For as long as I can remember, I have always lived next to a tree. Growing up in Kathmandu, our 100-year-old house had a courtyard with only one tree, a tall and slender tree perched on rectangular mound of bricks sheltering a variety of plants and an ancient well. When spring came it turned into a green umbrella with white and yellow flowers that looked like white frostings on green carpet. I learned later that this was a jasmine tree or parijaat in Nepali.

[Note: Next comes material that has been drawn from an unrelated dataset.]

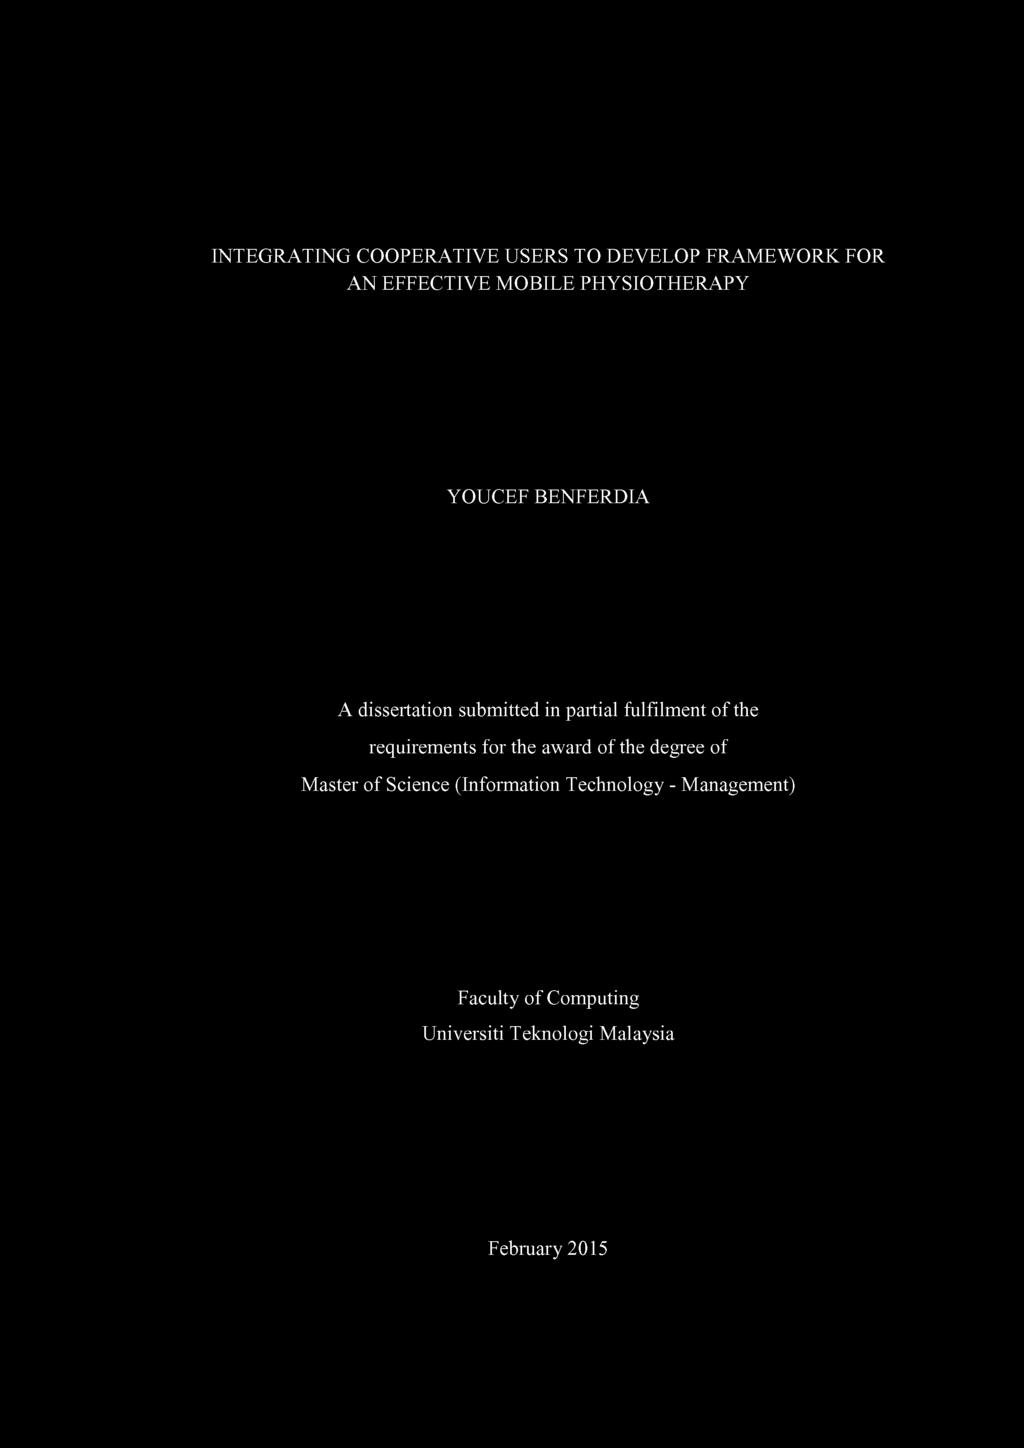 INTEGRATING COOPERATIVE USERS TO DEVELOP FRAMEWORK FOR AN EFFECTIVE MOBILE PHYSIOTHERAPY YOUCEF BENFERDIA A dissertation submitted in partial fulfilment of the

As kids, we spent countless hours playing under this parijaat tree. Occasionally, the green moss on the yard would be speckled with the white and yellow of the parijaat flowers. Our grandmother, the matriarch of the household would immediately dispatch one of the servants to carefully collect the flowers. Next morning, soft and pure parijaat flower would be offered to the household deities.
In this house, I shared a room with my sister and my parents, a long rectangular room that was partitioned into two by a wood panel. My parents slept and entertained on the larger front half and my sister and I shared the smaller second half. The second half was also used as a study room, a wardrobe, a storage room, a nap room, and anytime we needed some space and privacy. Our room had a thin bedding on the floor and three large dressers lined up against each other on one wall. There was a floor to ceiling window that covered half of the wall, overlooking the courtyard and the green of the parijaat tree.
I spent countless hours sitting cross-legged on this bedding finishing my homework from school or preparing for multiple exams. My mother, my sister, and I, all three would congregate on this bedding in the evenings talking, sharing, laughing, crying, and sometimes just working silently. Some of our most joyful and most difficult times happened here, all overlooking the courtyard and the silent and stoic parijaat tree.
The tree was our silent companion that witnessed our challenges, our heartbreaks, joys, and wishes. Fast forward a decade, the house and the courtyard are abandoned and slowly falling apart, but my mother tells me that the parijaat tree is still alive and sprinkles the yard with flowers from time to time. My heart aches for this tree like it would for a long-lost friend.
I left Nepal and moved to the US and eventually to Baltimore for a job. I lived in an old brick house and my rented room overlooked the trees in church next-door. I spent hours sitting on the window, hunched over my books and computer, all the time aware of the silent and beautiful presence of the trees next-door. Alone in this city, navigating the ups and downs of professional and personal life, and missing my family, I often turned to these green friends. No judgement, no advice- just the green, earthy, and soothing presence and a compatible silence that calmed my mind and warmed my heart.
Yet again, I find myself in another east-cost city, with a family of my own this time. Our neighborhood is green and situated right next to a trail. When the weather allows, I find myself automatically gravitating toward this trail. The tall green trees invite me to take a walk, feast my eyes, calm my mind, and luxuriate in the silence. Days when I feel like the walls are closing-in around me and I am sinking into despair, I make myself a tall mug of tea and hike through this trail. I let my mind wander and come into a timeless communion with my green friends. Immediately, I feel a sense of quiet and calm rise inside me.